Filme mais tocante de Garrel investiga o amor louco
CINEMA
À Sombra de Duas Mulheres
L’Ombre des Femmes. França, 2015. Direção: Philippe Garrel. Elenco: Stanislas Merhar, Clotilde Courau. Classificação indicativa não informada. Estreia nesta quinta (10). Com grandes autores por vezes isso acontece. O penúltimo filme de Philippe Garrel, “À Sombra de Duas Mulheres” (2015), estreia só agora no país, depois de seu último longa (“O Amante de Um Dia”) ter estreado em março.
E se o lançamento demora muito, o cinéfilo mais ansioso já vai ter visto e revisto o filme de formas menos nobres. Vai ter opinião formada sobre ele e pode querer economizar o preço do ingresso, que, convenhamos, está longe de ser uma pechincha.
Que o espectador não se desmotive com o atraso. “À Sombra de Duas Mulheres” é o melhor longa do diretor desde “Os Amantes Constantes” (2005), o que não é pouco. É seu filme mais enxuto em anos, e o mais tocante.
Pierre (Stanislas Merhar) é um cineasta independente, pobre, mas autoral, que trabalha com a mulher, Manon (Clotilde Courau), num filme sobre a resistência francesa à ocupação alemã durante a Segunda Guerra Mundial.
Ele conhece a estagiária da cinemateca, Elisabeth (Lena Paugam), e começa a ter um caso com ela. Esta, contudo, não se contenta em ser apenas uma amante e vai tratar de plantar algumas pulgas atrás das orelhas de Pierre.
Desnecessário dizer que esse triângulo amoroso é mostrado de forma nada convencional, com os encontros e as tensões surgindo naturalmente, como na vida, e filmados com seu habitual estilo econômico, porém preciso, certeiro.
Preto e branco, câmera solta, mas não trôpega, composições muito bem pensadas sem parecerem excessivamente calculadas, interpretações que alternam a discrição com uma espécie de desespero parcialmente contido.
Alguns dos melhores diretores modernos conseguem essa limpeza de expressão visual. Garrel é um deles.
O cineasta da geração de maio de 1968 tem a mão delicada para esse tipo de instituição francesa (o amor louco), assim como procura sempre novos meios de se perguntar o que é a fidelidade.
Alguns momentos do filme, e sobretudo o final, têm aquela espécie rara de poesia que só podíamos encontrar no cinema de Éric Rohmer (de “Minha Noite com Ela” e “O Joelho de Claire”) ou nos filmes mais prosaicos de François Truffaut (de “A Noite Americana” e “O Homem Que Amava as Mulheres”).
Trata-se de um naturalismo peculiar, comum a esses mestres, como também a outros três diretores que, como Garrel, chegaram tarde demais para fazerem parte da nouvelle vague: Maurice Pialat (mais velho, mas com o primeiro longa apenas em 1968, “A Infância Nua”), Jean Eustache (“A Mãe e a Puta”) e Jacques Doillon (“Ponette”).
Quem já viu, precisa rever. Desta vez no cinema. Valerá a pena.
Esplendor
Hikari. Japão/França, 2017. Direção: Naomi Kawase. Elenco: Masatoshi Nagase, Ayame Misaki, Tatsuya Fuji. 12 anos. Estreia nesta quinta (10). Qual o significado de ver? A pergunta tem tal tamanho que qualquer tentativa de abordá-la num filme pode parecer pretensiosa e limitada. A proposta de Naomi Kawase em “Esplendor” é tatear a questão evitando o sobrepeso teórico.
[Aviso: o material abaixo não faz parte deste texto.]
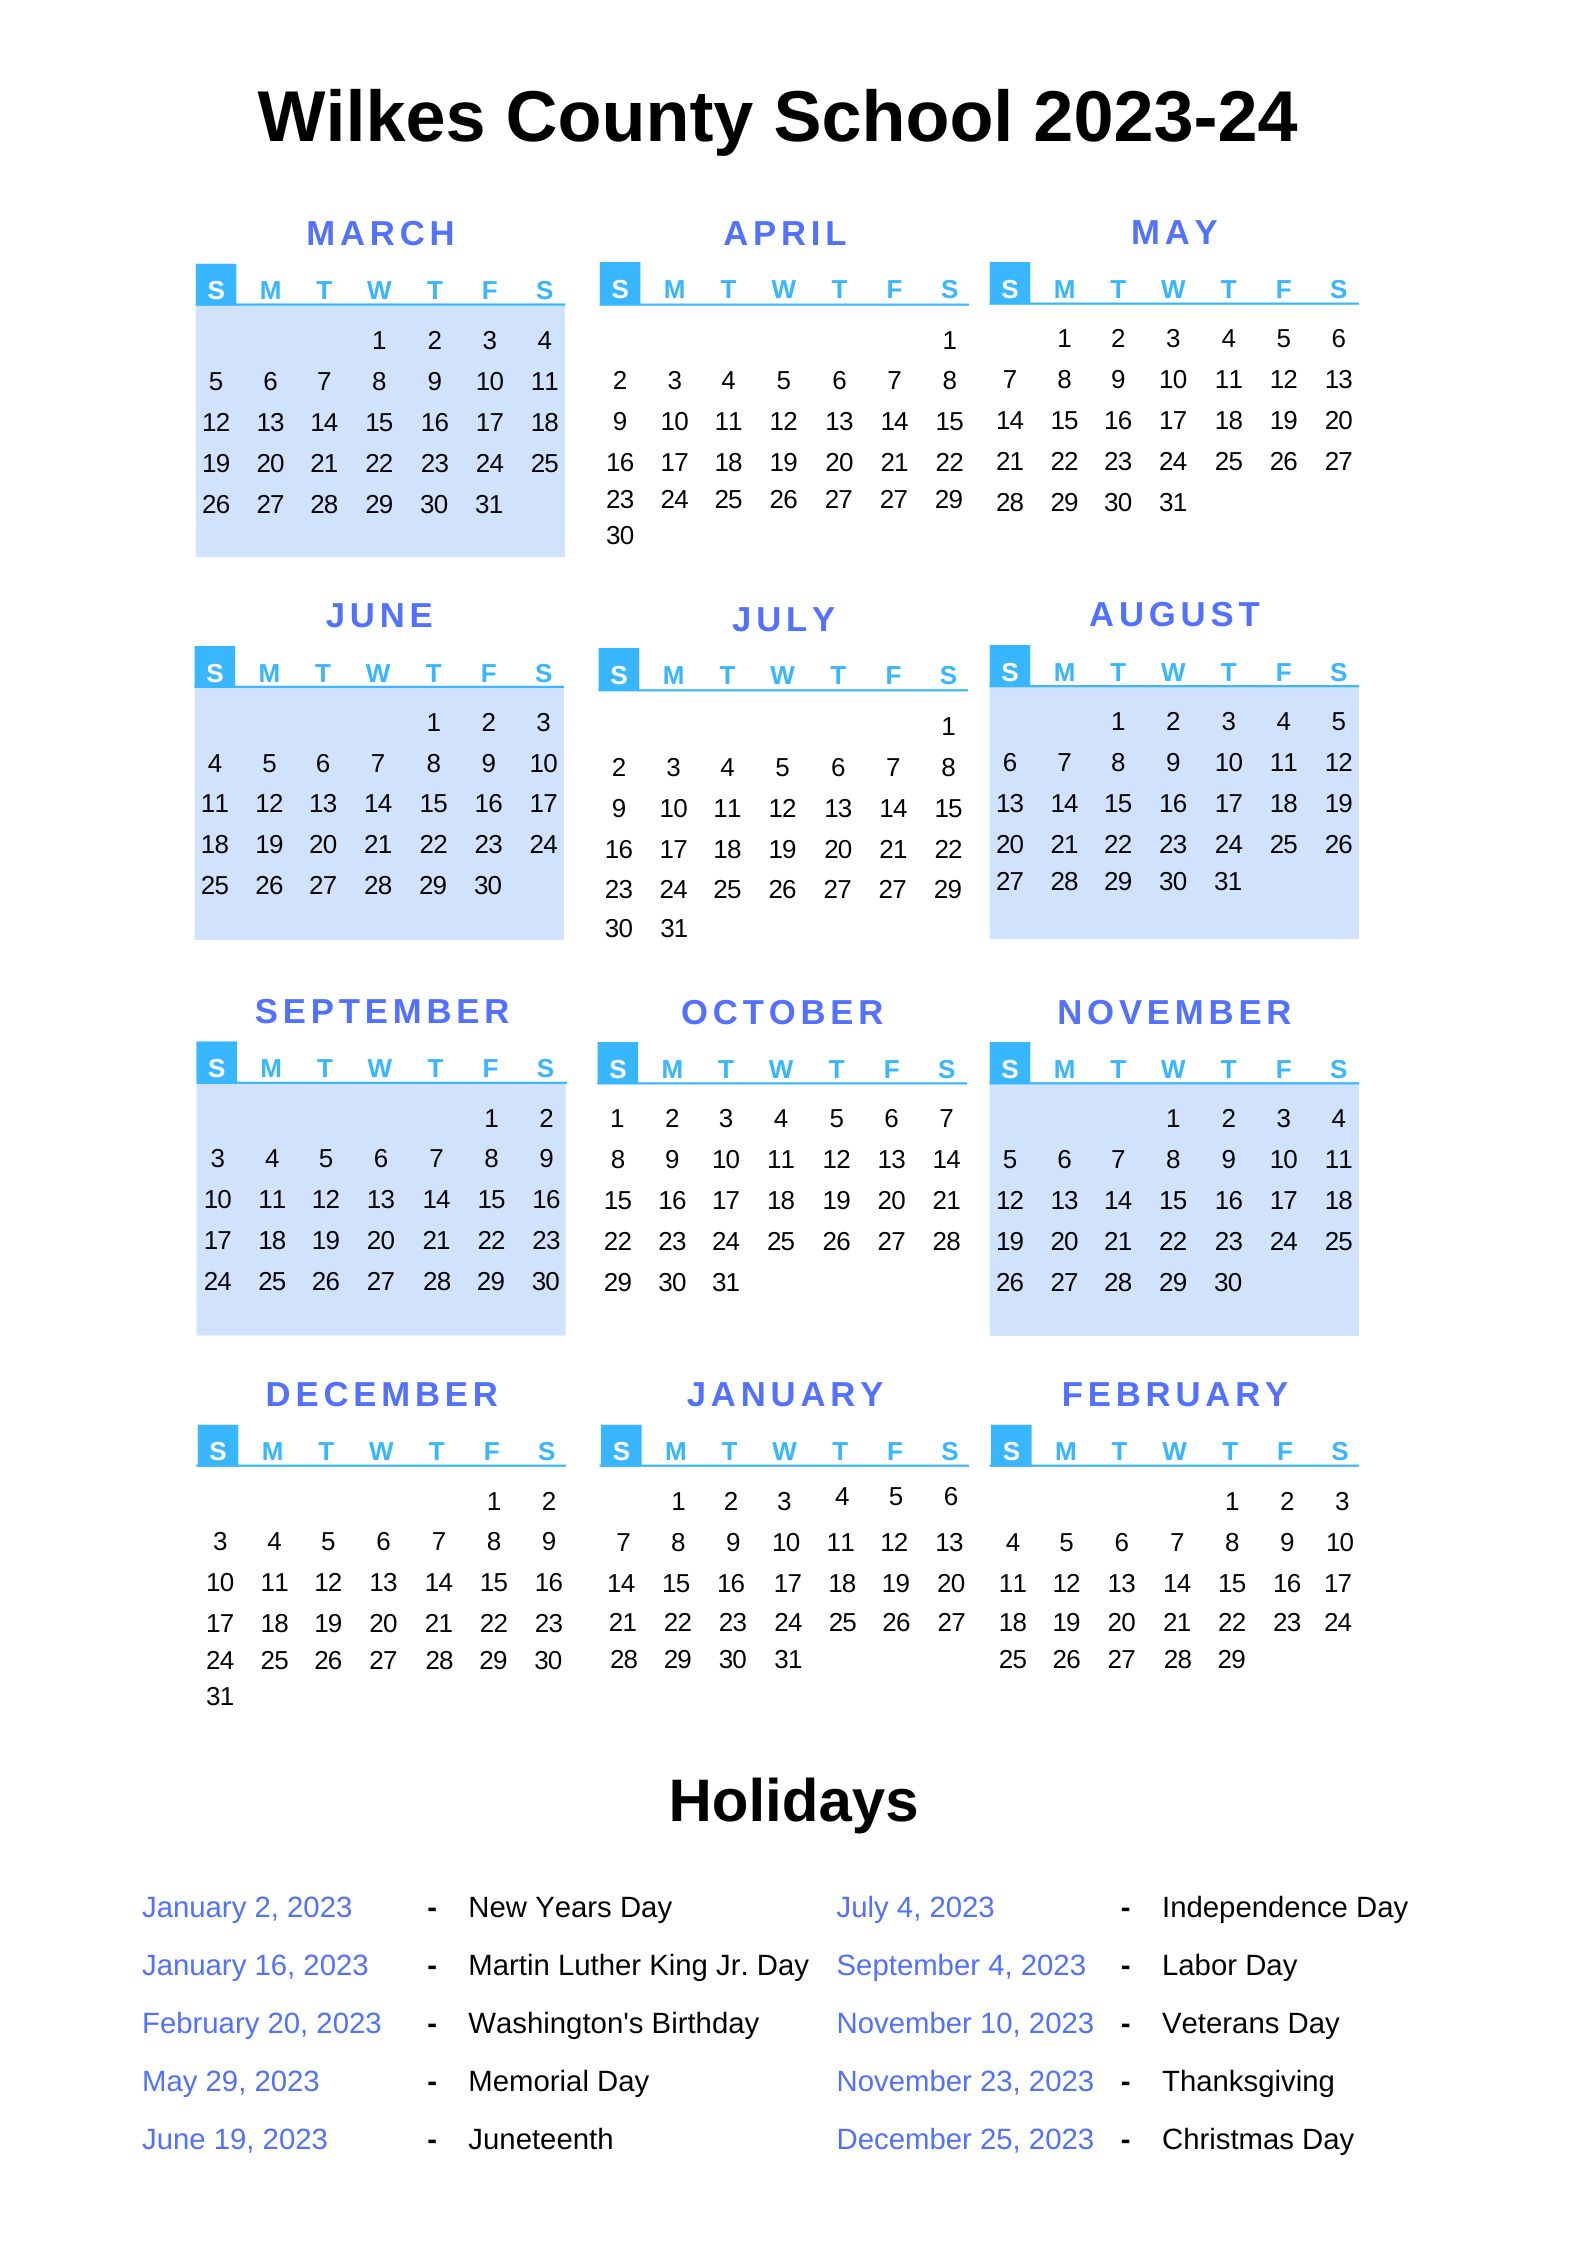 Wilkes County Schools Calendar 2023 24 With Holidays

Por isso, o longa da diretora japonesa tem duas faces que se completam de modo insatisfatório. Enquanto proposição filosófica, “Esplendor” oferece momentos de imenso prazer intelectual, intensificado pela capacidade de Kawase usar a câmera para nos assombrar com o mundo.
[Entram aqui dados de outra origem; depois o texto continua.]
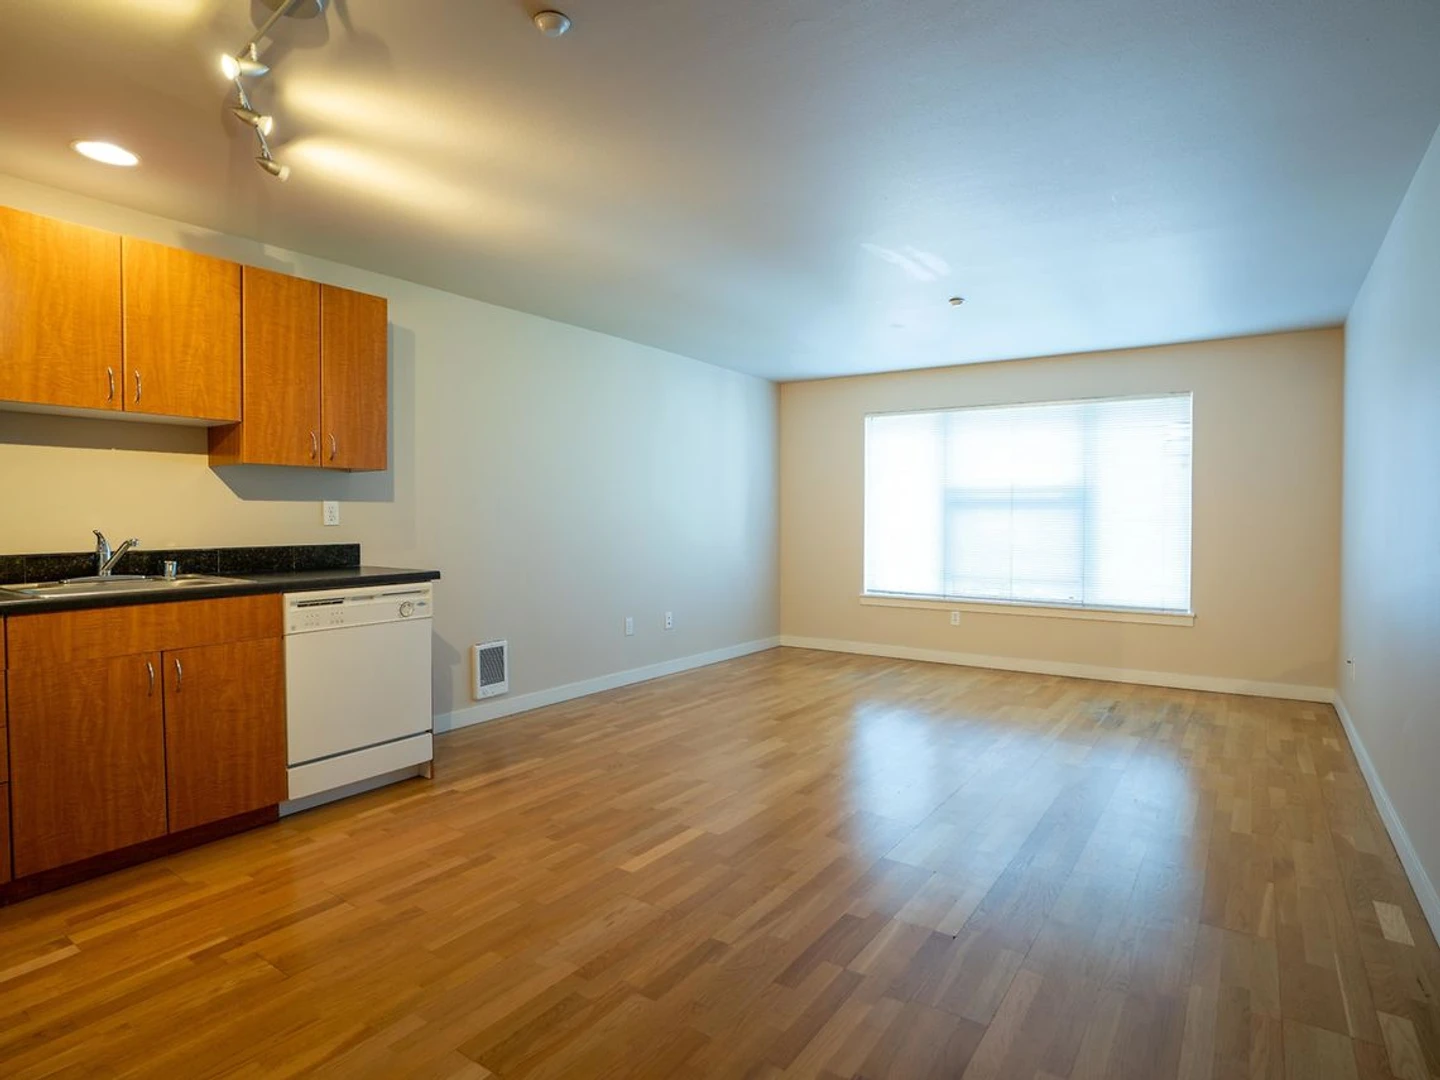 Room for rent in a shared flat in Seattle

Mas, ao tentar ajustar a reflexão a um molde ficcional, “Esplendor” revela sua limitação, apelando para um sentimentalismo que a diretora incorporou recentemente a seu trabalho, tornando-o mais fácil para o público em busca de sensibilidade.
As duas faces se revelam no atrito entre os personagens Misako e Nakamori. Ela é uma jovem dubladora que trabalha com áudio descrição, adaptando as imagens de filmes para atender às necessidades especiais de quem tem deficiência visual. Ele é um fotógrafo que perde gradualmente a vista por causa de uma doença degenerativa.
As primeiras falas de Misako descrevem acontecimentos quaisquer. Em seguida, a vemos apresentando para um grupo de deficientes a áudio descrição de um filme.
A dupla situação coloca questões que se aplicam a “Esplendor” como a todo o cinema: o que vemos num filme? Como traduzir por meio de palavras a experiência emocional das imagens?
A reação seca de Nakamori dispara o problema maior: é possível dar uma visão geral ou no máximo um ponto de vista? Como transmitir uma emoção sentida individualmente ao público, que reage cada um a seu modo?
Em vez de responder, Kawase convida-nos a considerar as proposições por meio de sua estética que aproxima o visual e o tátil. O olhar de Misako descobre que não se pode ver tudo, enquanto a visão de Nakamori se turva, perde a definição, necessita de aparelhos que ampliem objetos e textos.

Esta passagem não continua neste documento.